Sources, David McAllester and Paul Hadzima.
TIE ME SUFRE (TEAH MAY SUFRAY)
This piece expresses pain and passion from the loss of loved ones in all our lives, with the hope of someday reuniting with them.
Traditional supporting drum, bell, and rattle rhythms from the Adowa funeral music of the Ashanti people of Ghana are joined with a melody by David Bindman. First performed by the Talking Drums ensemble with lyrics by Maxwell Akomeah Amoh, our version is in a looser, more jazz oriented style.
During the guitar solo the three-stroke high hat pattern - based on an Adowa ntrowa rattle variation - creates another layer of time and allows the music to be heard from more than one beat perspective, adding a new feel to the drumset and ensemble.
SOLOS: David Bindman, tenor saxophone, and Kevin McNeal, guitar.
c 1995, the Ashanti people of Ghana, David Bindman.
Rhythmic arrangement, c 1991, royal hartigan.
PAPAGO-SAGUARO SONG
I have adapted this solo flute melody of the Papago and Saguaro peoples of the Southwest in an ensemble setting to portray the harmony of Native American philosophy and lifeways with nature. The guitar, bass, flute, and percussion (drums, cymbals, and rattles) voices create lines together which parallel the weaving of baskets, construction of a house, or interacting with the solitude and peacefulness of the deep woodlands. It is set in a 23 pulse time cycle.
SOLOS: collective ensemble solo, David Bindman, flute; Kevin McNeal, guitar; Wes Brown, bass; royal hartigan drums, cymbals, and rattles.
c 1992 the Papago and Saguaro peoples of North America, royal hartigan.
EVE (EH VAY)
This work is inspired by the music and dance of the Eve people of southeastern Ghana, and is dedicated to master dancer and drummer Freeman Kwadzo Donkor. It follows a West African musical practice, with changes throughout cued by the drum - here drumset rather than a master drummer - as opposed to a set chord progression, melody, or form. Its rhythms and melodic themes are derived from Eve dance drama repertoire.
The piece begins with drumset stating supporting rhythms from the Agbekor warrior music - kidi on snare drum with snares released, totodzi on floor tom, kloboto on bass drum, and a kaganu variation on high hat. A short call brings in the ensemble, whose A-B-A theme is a song melody from the Gadzo warrior music. Drumset explodes the Gadzo support rhythms, with the ganugbagba bell pattern on cymbal bell, and high-low donno drum tones on high and low toms. A donno variation accompanies the theme's 'B' section.

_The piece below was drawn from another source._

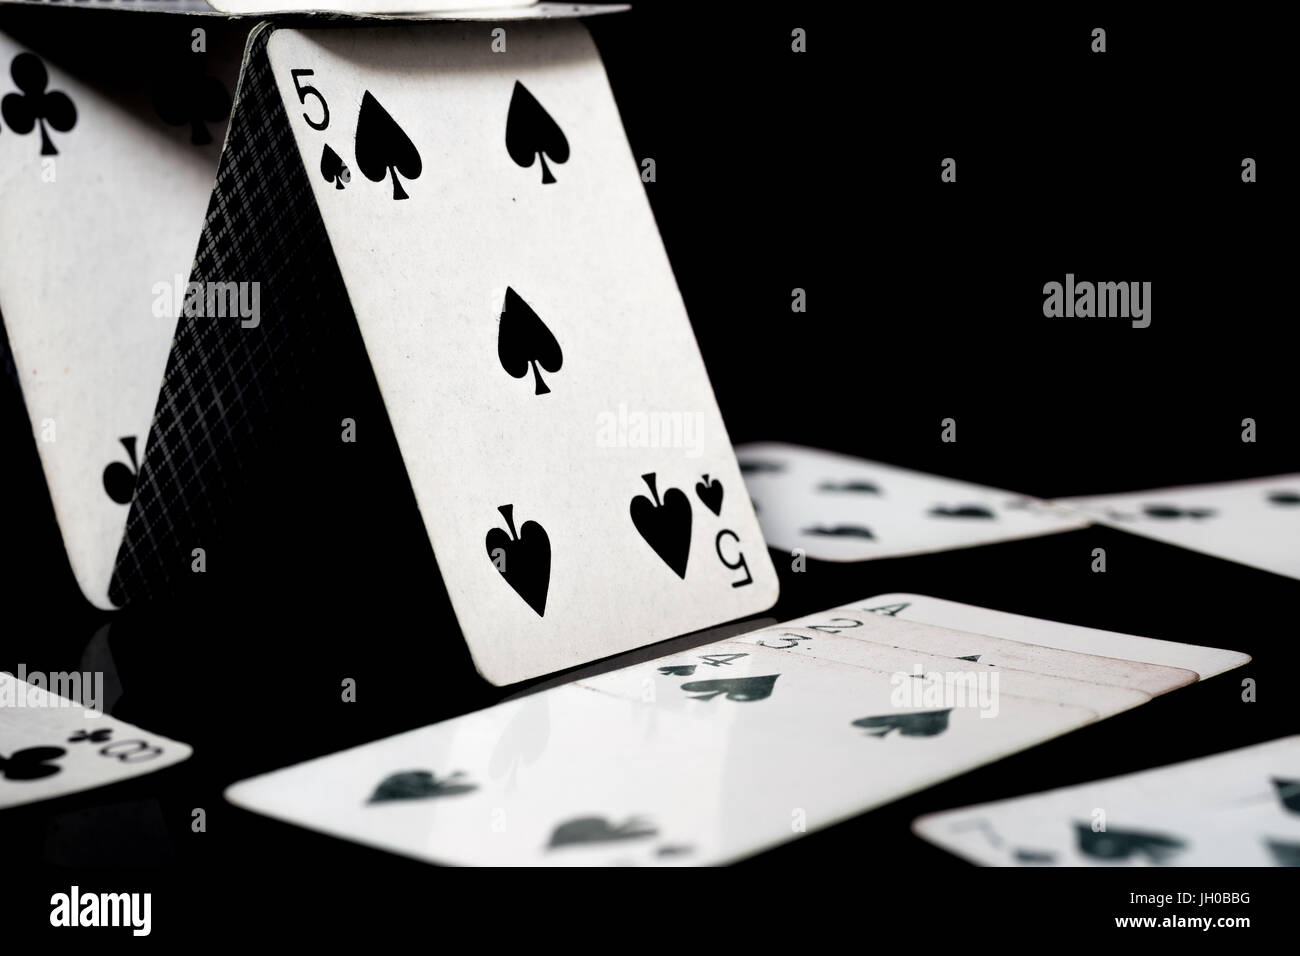 Playing cards forming a house of cards, and scattered white playing cards, black surface and background Stock Photo

After the opening theme, drumset plays a set of Gadzo kaganu drum variations with the bell pattern on cymbal, as a call to the contrabass. Wes Brown's extended bass solo is accompanied by the Gadzo bell pattern on snare rim, donno on bass drum, and kaganu on high hat with stick. This is followed by a series of supporting kidi, totodzi, and kloboto drum rhythms from Agbekor, and gankogui double bell variations from Hatsiatsia music, which signal the saxophone solo.

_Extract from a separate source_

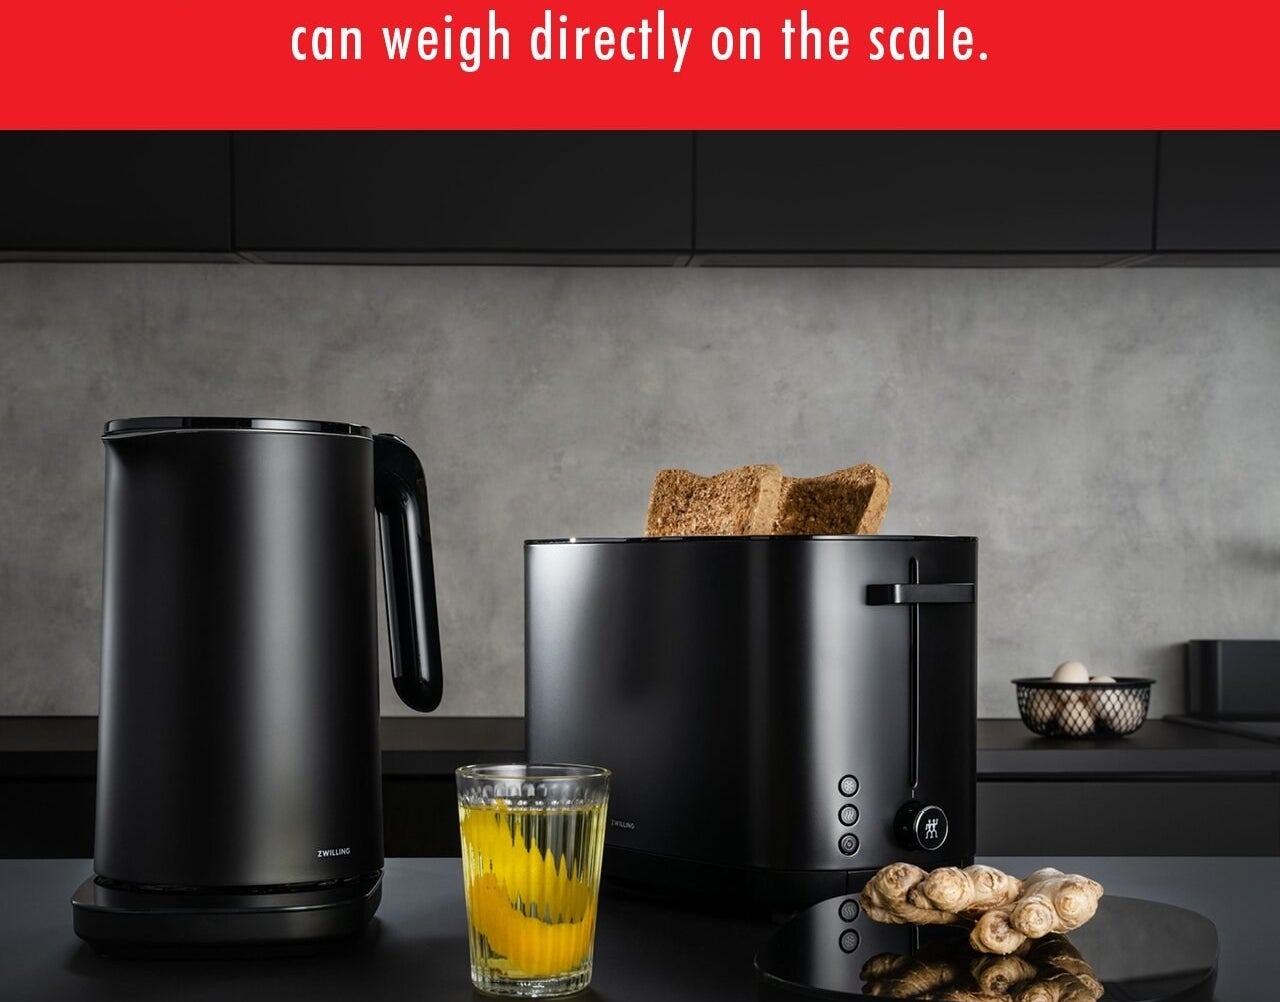 An image of a digital food scale next to other kitchen appliances

David Bindman begins alone and is joined by the ensemble in the intense Gadzo twelve-eight groove. Following the saxophone solo drum dialogues and rhythms from the Togo Atsia, Kpegisu, and Adzohu musics cue Kevin McNeal's guitar solo, at first unaccompanied, and later with the ensemble.
A final series of drum dialogues from Agbadza music call the Gadzo melodic themes, accompanied by Gadzo drum rhythms, and followed by a Coda on drumset mirroring the introductory Agbekor rhythms.
My idea is to use the high hat in different time feels - as one would play the axatse gourd rattle in Eve music - in the opening theme, bass solo, saxophone solo, and guitar solo, to provide another layer of time, and allow the listener to hear the music from more than one beat perspective. This is an important element of Ghanaian drumming, the ability to hear more than one beat series in a rhythm or ensemble of rhythms, and it can be adapted to the drumset in the African American tradition.
SOLOS: royal hartigan, drum; Wes Brown, bass; David Bindman, tenor saxophone; Kevin McNeal, guitar.
c 1993, the Eve people of Ghana, royal hartigan.